Panelists Tom Rosenstiel, Jim Brady, and Tina Brown discuss the news media with SMPA Director Frank Sesno

"We have reached a point where the notion that most people will go to a primary source for their news is obsolete," said Tom Rosenstiel, director of the Pew Research Center's Project for Excellence in Journalism, who along with The Newseum co-sponsored the event.

"What we new think of as journalism is breaking up into very different kinds of storytelling," he said.

The event was named for and timed to coincide with recent release of the annual Pew report on the "The State of the News Media 2010" found at http://www.journalism.org.

Rosenstiel said the most recent economic trends for mainstream journalism are grim, citing a 24 percent decline in advertising revenue in 2009. That means that news organizations are spending much less money on good journalism.

"Reportorial journalism is shrinking," he said, even as the amount of opinion writing online is increasing.

Besides Rosenstiel, other speakers at the event held in the Jack Morton Auditorium were Jim Brady, president of Digital Strategy at Albritton Communications; Susan Page, Washington Bureau Chief of USA Today; Tina Brown, Editor of the Daily Beast; Antoine Sanfuentes, Deputy Bureau Chief of NBC News in Washington and Charles Sennott, Executive Editor of GlobalPost.

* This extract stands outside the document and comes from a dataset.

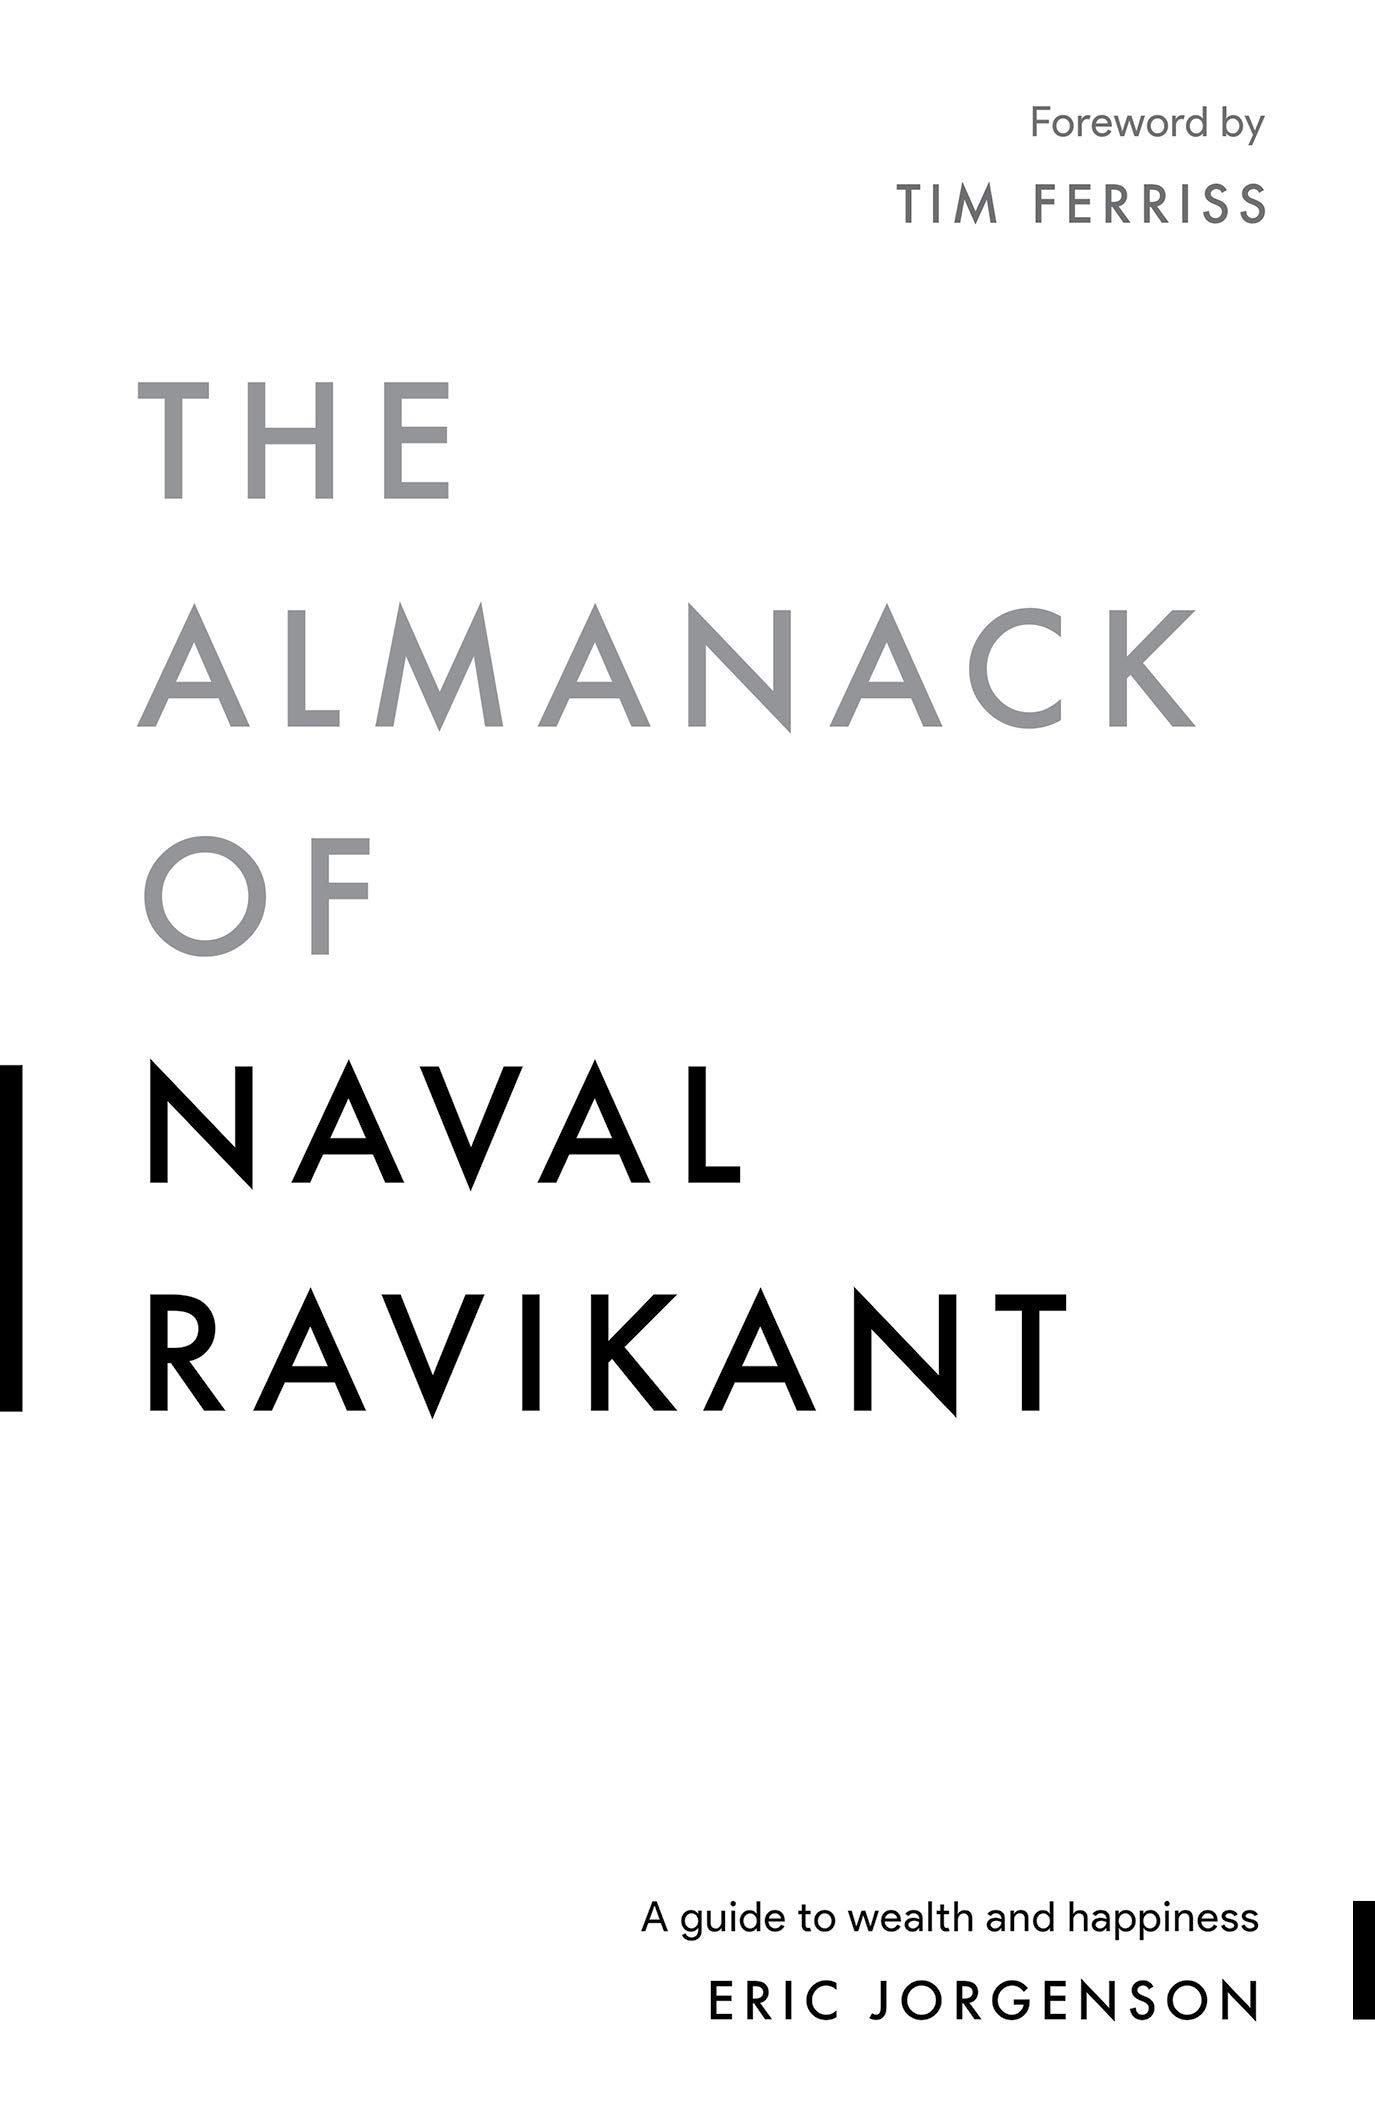 The Almanack of Naval Ravikant Summary Review

All of them are innovators and decision makers looking for new ways of telling stories in an uncertain world where traditional news organizations are threatened with extinction.

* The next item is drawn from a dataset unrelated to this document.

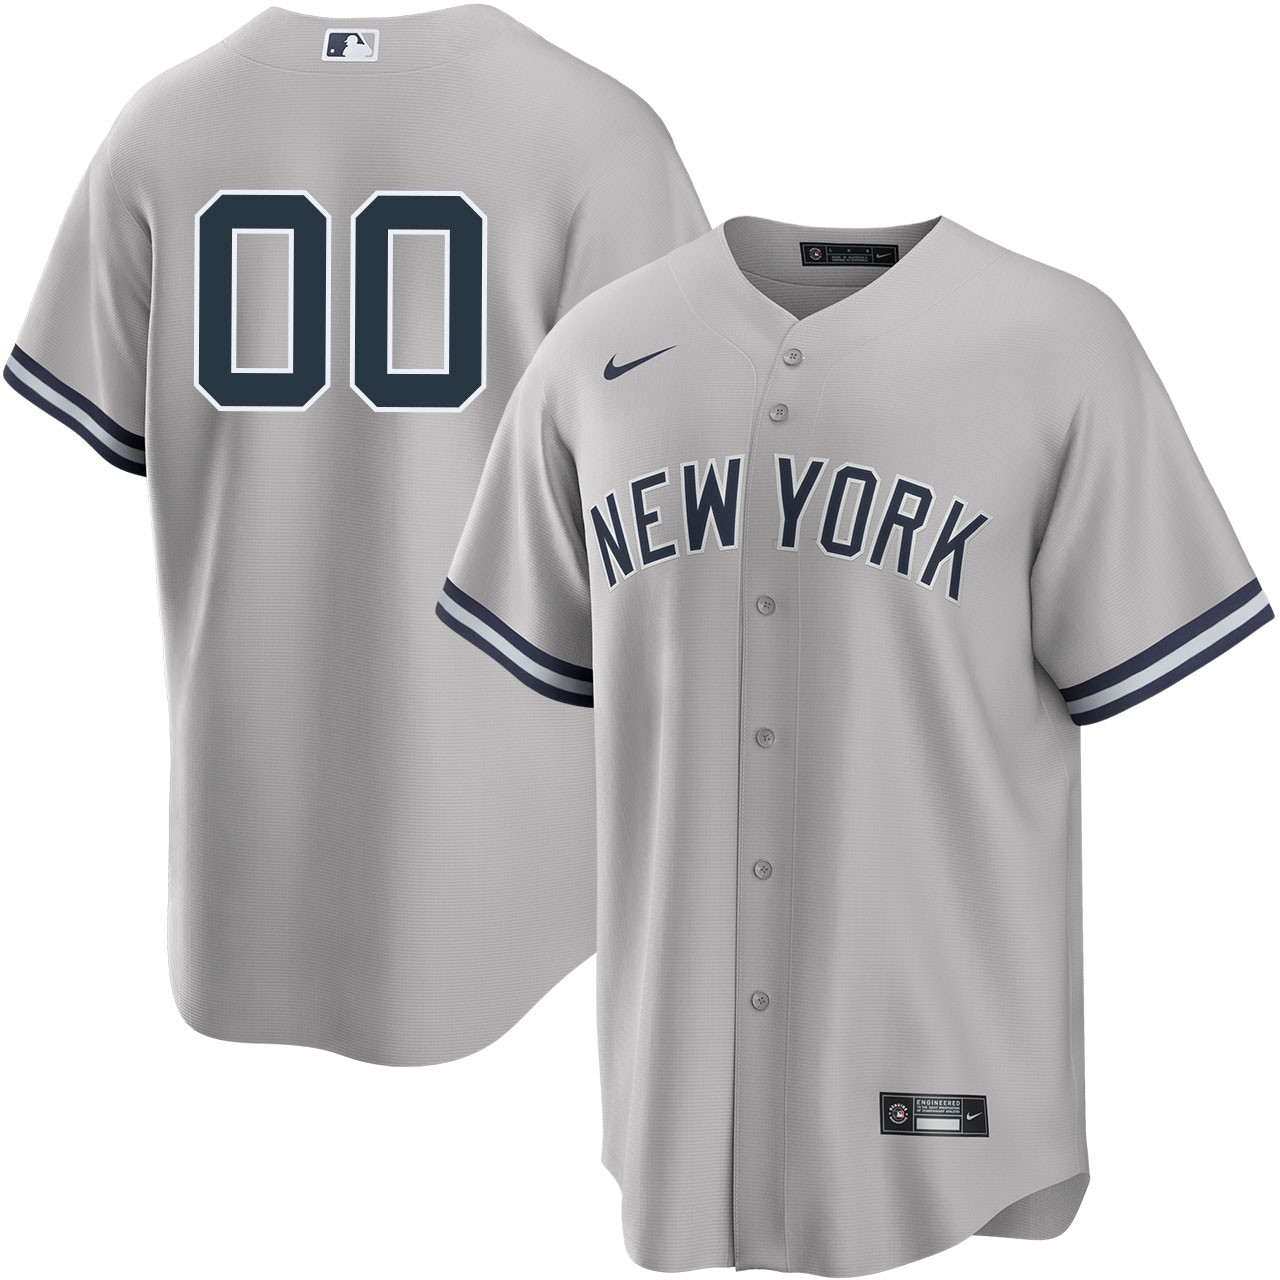 New York Yankees Personalized Road Jersey by Majestic

Frank Sesno, the director of SMPA and moderator for the program, posed a question for newspaper editors and broadcast news executives at a time of tumultuous changes in journalism.

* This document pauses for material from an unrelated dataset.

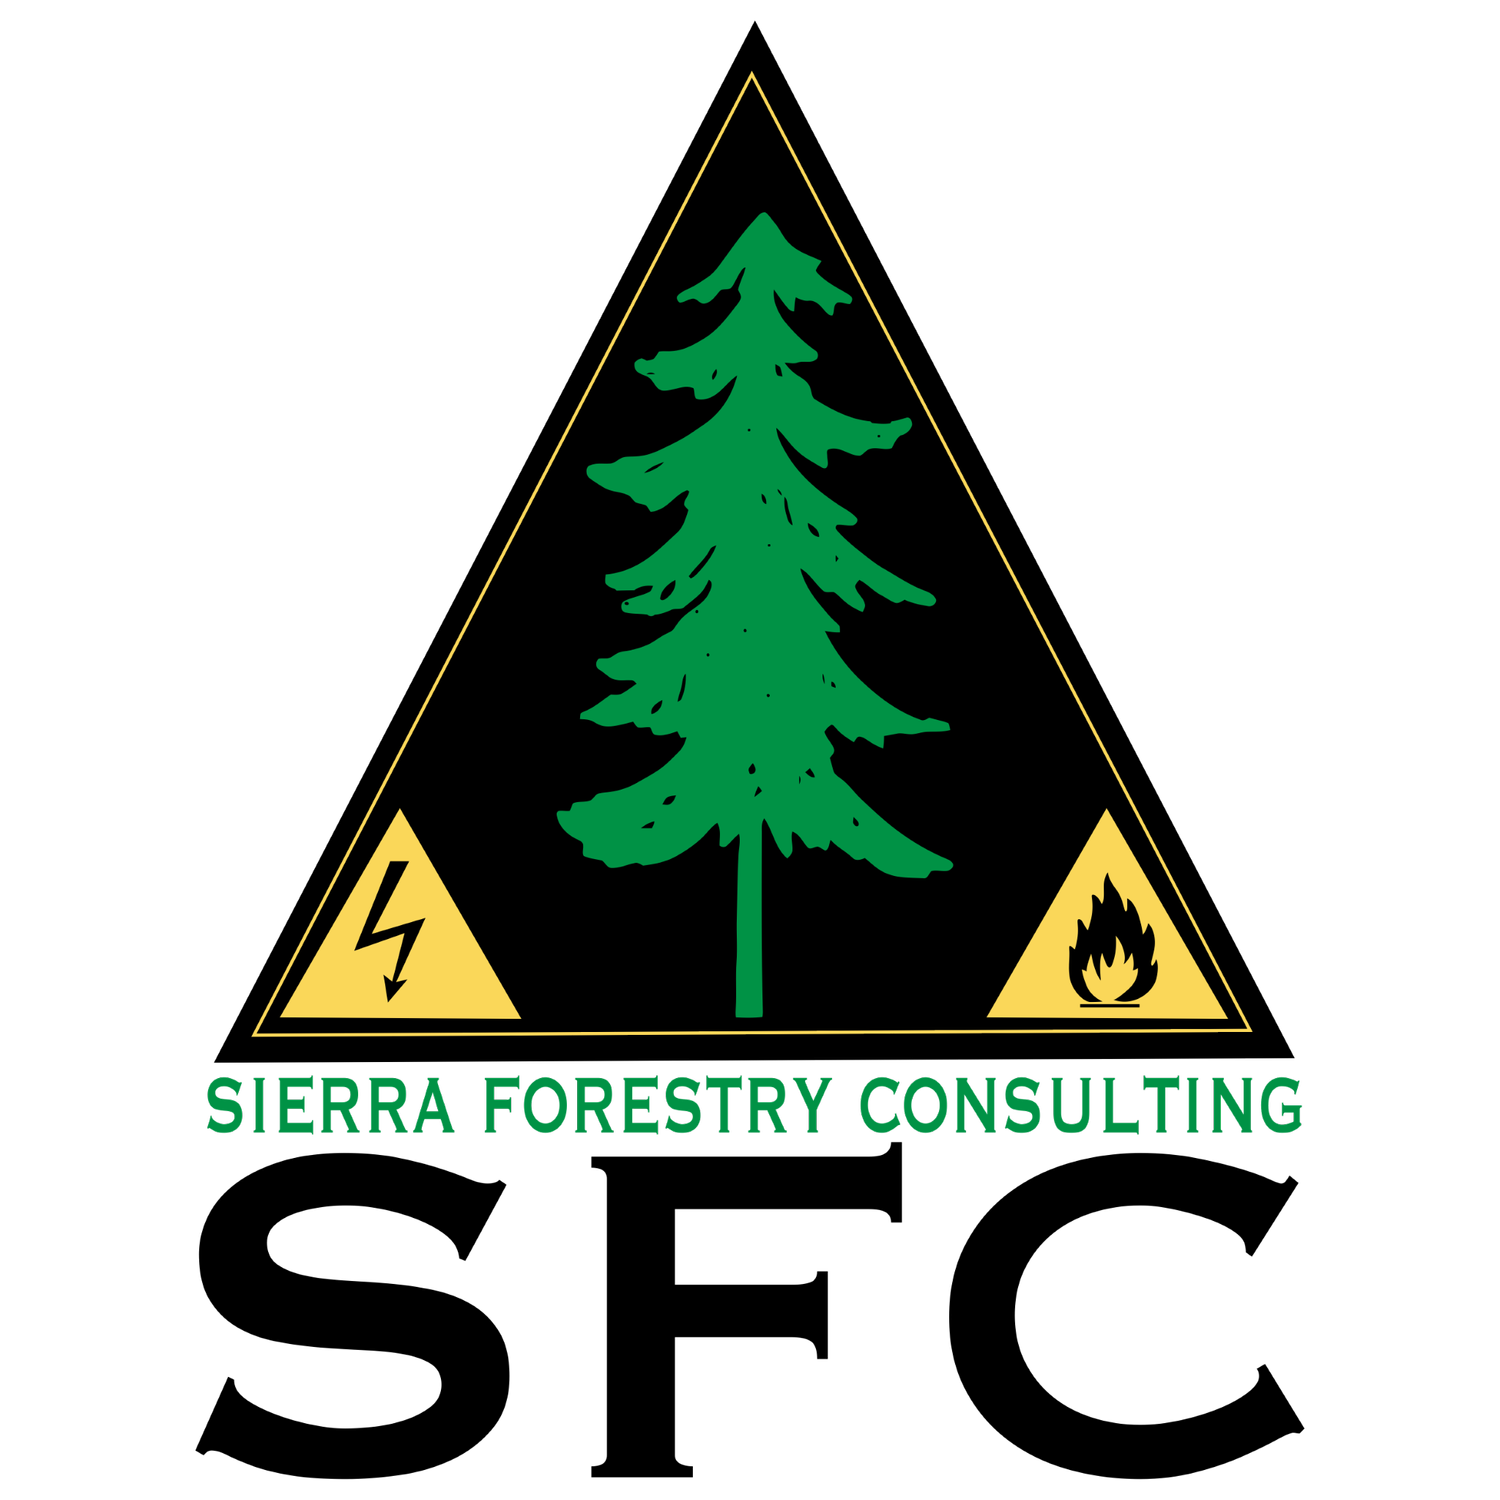 Sierra Forestry Consulting

"Can legacy media adapt so that legacy does not mean extinct?" he said.

Tina Brown, former editor of the New Yorker Magazine and founder of the lively Daily Beast website, said to compete in a world with unlimited competition for people's time, said, "You have to become an impresario, you have to be an entertainer...It's all about making people pay attention."

To do that, Brown said she scours the world looking for lively writers who have something interesting to say about whatever is in the news.

Keynote speaker Vivian Schiller, President and CEO of National Public Radio (NPR), told students in the audience that despite the grim economic news forcing layoffs by news organizations, young people will provide the creativity that revives journalism.

"You will be the ones to reinvent the news business," she said.

Schiller said NPR has been able to maintain strong loyalty among its increasing numbers of listeners because they feel a local connection with NPR affiliate stations all around the country.

"In many towns, the NPR affiliate is the only local news organization," she said.

Sennott, one of the founders of a news website with 70 foreign correspondents in 50 countries, said Global Post is attempting to defeat the notion that Americans are no longer interested in reading stories from abroad.

Brady, who is about to launch a brand new local reporting website covering the Washington area, said, he believes it will succeed because, unlike the Washington Post, it is aimed solely at an online readership.

"You can't be all things to all people," he said. With a staff of 35 to 40 reporters Brady, said, "We are going to pick our spots," in deciding which stories to cover.

"In five years," he said, "every city in the country will have a site like this one."

The new as yet unnamed news site will be integrated with Channel 8, a strictly local all news TV station also owned by Albritton Communications, and will use the combined power of the two organizations to cover big stories around the capital starting in May.

In addition, Brady said, his new online organization will establish partnerships with dozens of local websites with information of interest to residents of the District of Columbia, Maryland and Virginia.

Page, a veteran Washington political reporter, said while USA Today is considered a legacy media organization, it has been innovating in many different ways including the creation of online communities and projecting its news on screens in elevators.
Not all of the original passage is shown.